Xeljanz Edges Humira Just a Bit for Real-World RA Patients, Study Suggests

Tofacitinib (Xeljanz) appeared ever-so-slightly more effective than adalimumab (Humira) for rheumatoid arthritis (RA) in a study that used real-world patient data to simulate a randomized head-to-head trial.

Leaders of Australia’s OPAL network of rheumatologists reported that, among 699 RA patients starting their first biologic or targeted therapy for the disease, the mean 28-joint Disease Activity Score including C-reactive protein levels (DAS28-CRP) was 0.2 points lower for those on tofacitinib after 3 months (P=0.02).

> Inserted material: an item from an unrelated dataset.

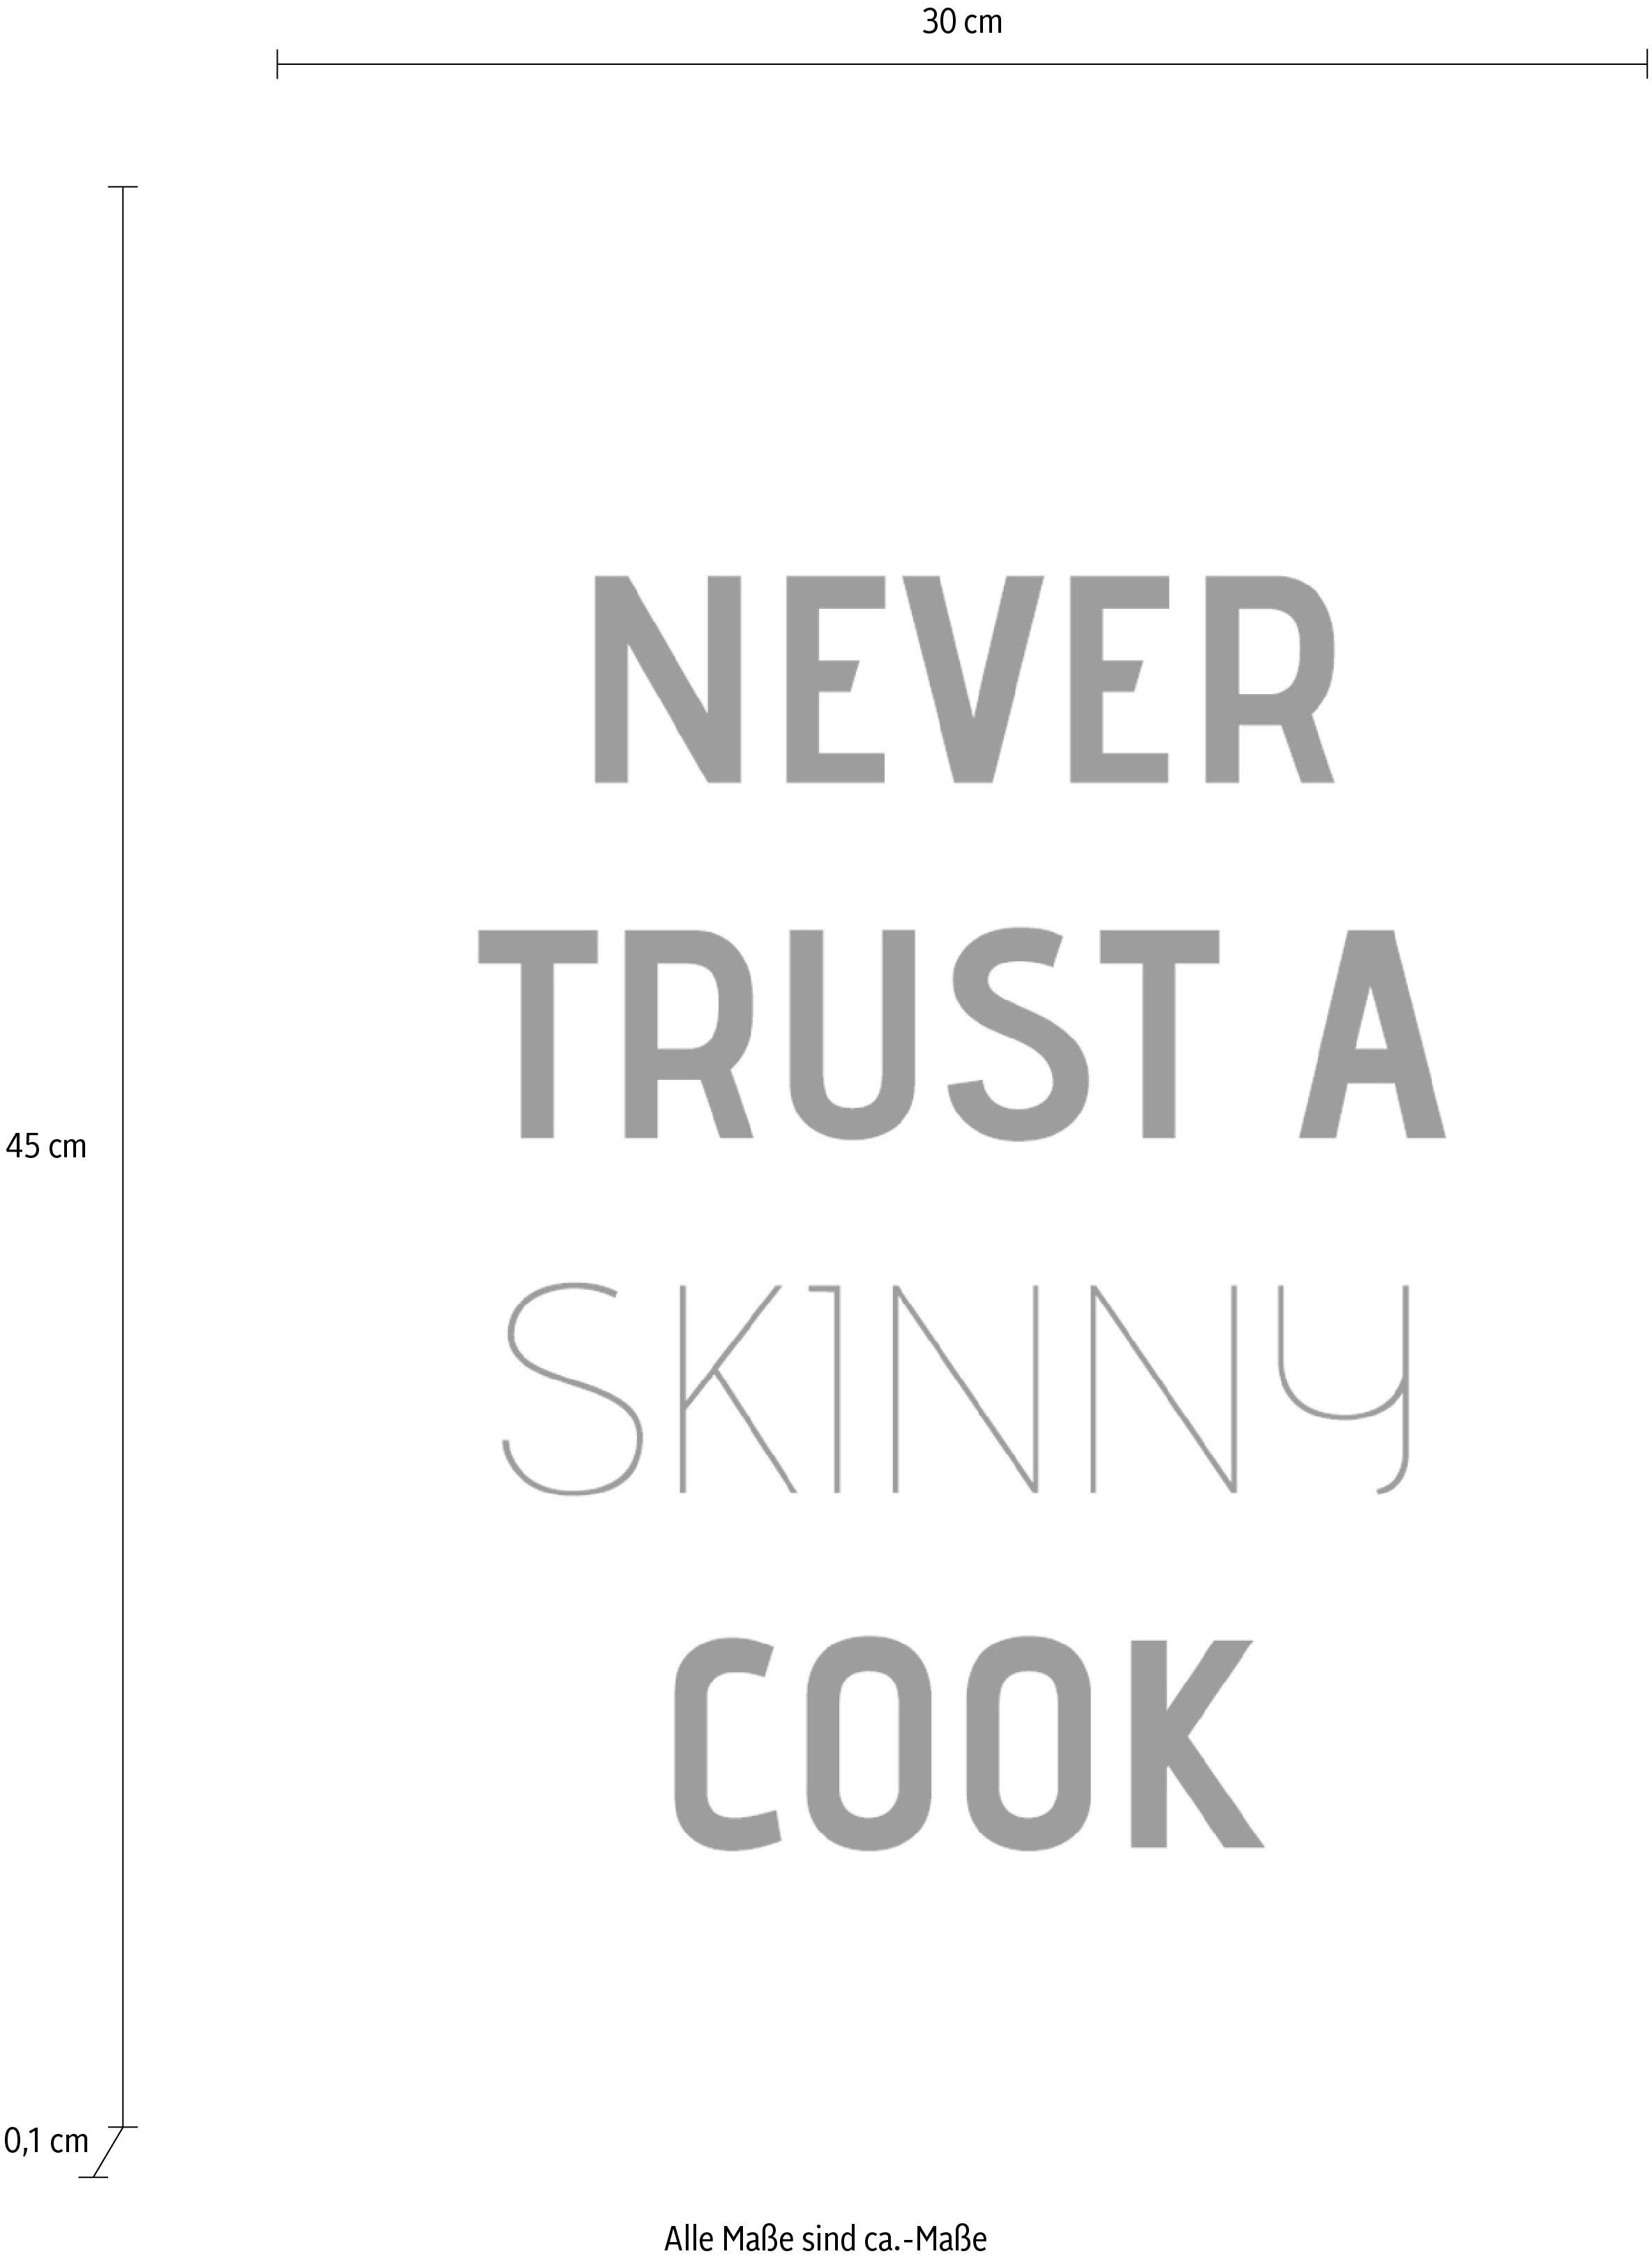 auf cook, Schriftzug Stahlblech Wanddekoobjekt queence trust skinny Never a

However, by month 9 the difference was a nonsignificant 0.03 points, though still numerically in tofacitinib’s favor, according to Claire T. Deakin, PhD, of OPAL Rheumatology Ltd. in Sydney, and colleagues writing in JAMA Network Open.

The researchers emphasized that, even at the 3-month time point, both agents “led to substantive reductions in mean DAS28-CRP, consistent with remission.”

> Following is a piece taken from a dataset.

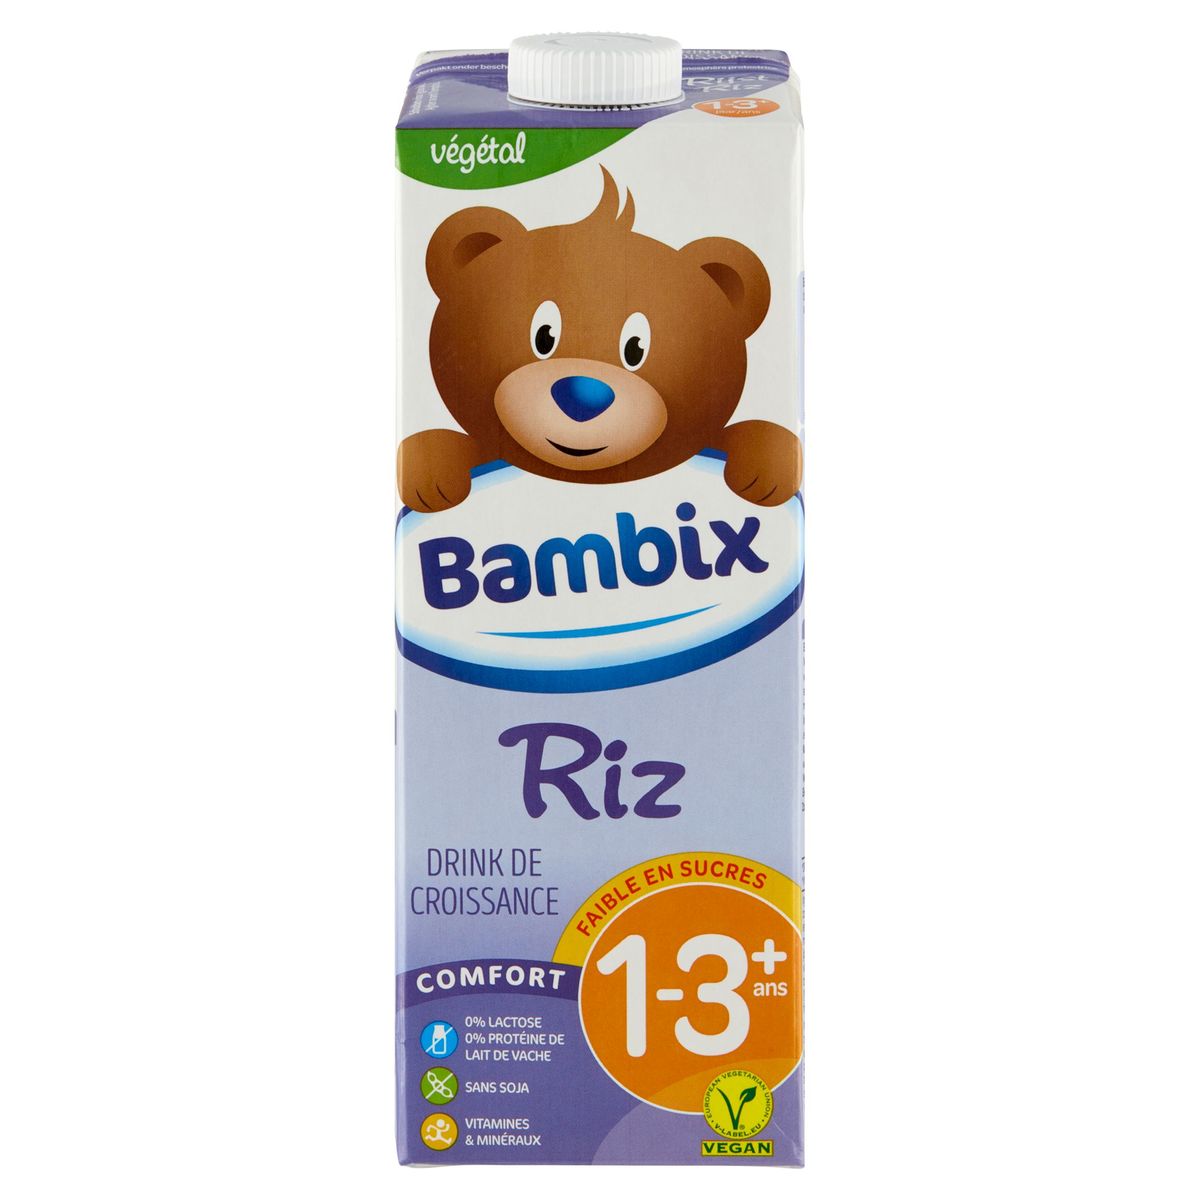 Bambix Riz Drink de Croissance Comfort 1-3+ Ans 1 L

Overall, the results generally supported those from manufacturer-sponsored clinical trials and published treatment guidelines, Deakin’s group indicated.

Tofacitinib is an oral drug that inhibits Janus-associated kinase enzymes; adalimumab, an injectable that inhibits tumor necrosis factor, is the long-time leading biologic drug for RA. Although a previous head-to-head, randomized trial did compare the two agents, clinicians tend to be somewhat skeptical of such studies: their strict inclusion and exclusion criteria leave it unclear how the drugs may perform in the broader run of patients who don’t meet those criteria because of comorbidities or other factors.

OPAL Rheumatology is a nonprofit organization in which about one-third of all rheumatologists in Australia participate, sharing electronic medical record data from their rheumatic disease patients. All told, the OPAL database covers more than 200,000 patients. Patients consent to this use of their data.

RA patients make up about one-quarter of the OPAL database. Out of these approximately 50,000, Deakin and colleagues identified 699 who started adalimumab (n=464) or tofacitinib (n=235) as their first biologic/targeted drug during April 2015 through December 2020 and who had clinical data including spanning the period from 6 months before initiating these medications to at least 9 months afterward. The baseline and follow-up data had to include at least one component of the DAS28-CRP scoring system. All of the adalimumab patients were using original branded Humira, not a biosimilar version.

Patients’ general characteristics did not differ markedly between the treatment groups and were about as expected for those initiating biologic/targeted therapy for the first time. About 70% were women, mean age 57, with median time since diagnosis of about 1 year. Median DAS28-CRP score was 5.7 in the adalimumab group and 5.4 for those starting tofacitinib.

One of the researchers’ missions was to try not to exclude patients because of missing data. Consequently, they employed “multiple imputation by chained equations using the random forest algorithm under the missing-at-random assumption … to impute missing data for the components of the DAS28-CRP at baseline and follow-up, generating 10 imputed data sets.” Only patients with zero observed DAS28 components at follow-up were left out of the final analysis. Results were also weighted to account for the modest differences between treatment groups at baseline; thus, baseline DAS28-CRP was 5.3 for both treatment groups after this adjustment.

By month 3, mean weighted scores were 2.6 with adalimumab and 2.4 with tofacitinib. At month 9, both groups had scores of 2.3 when rounded to one decimal place. Safety was not examined in the study, which was as much intended to demonstrate a “target trial emulation” research approach as to provide clinical guidance.

Deakin and colleagues acknowledged that, despite their efforts to mimic a randomized trial, there could have been undetected reasons underlying the original decisions to start one drug versus the other, which then might have influenced the outcomes.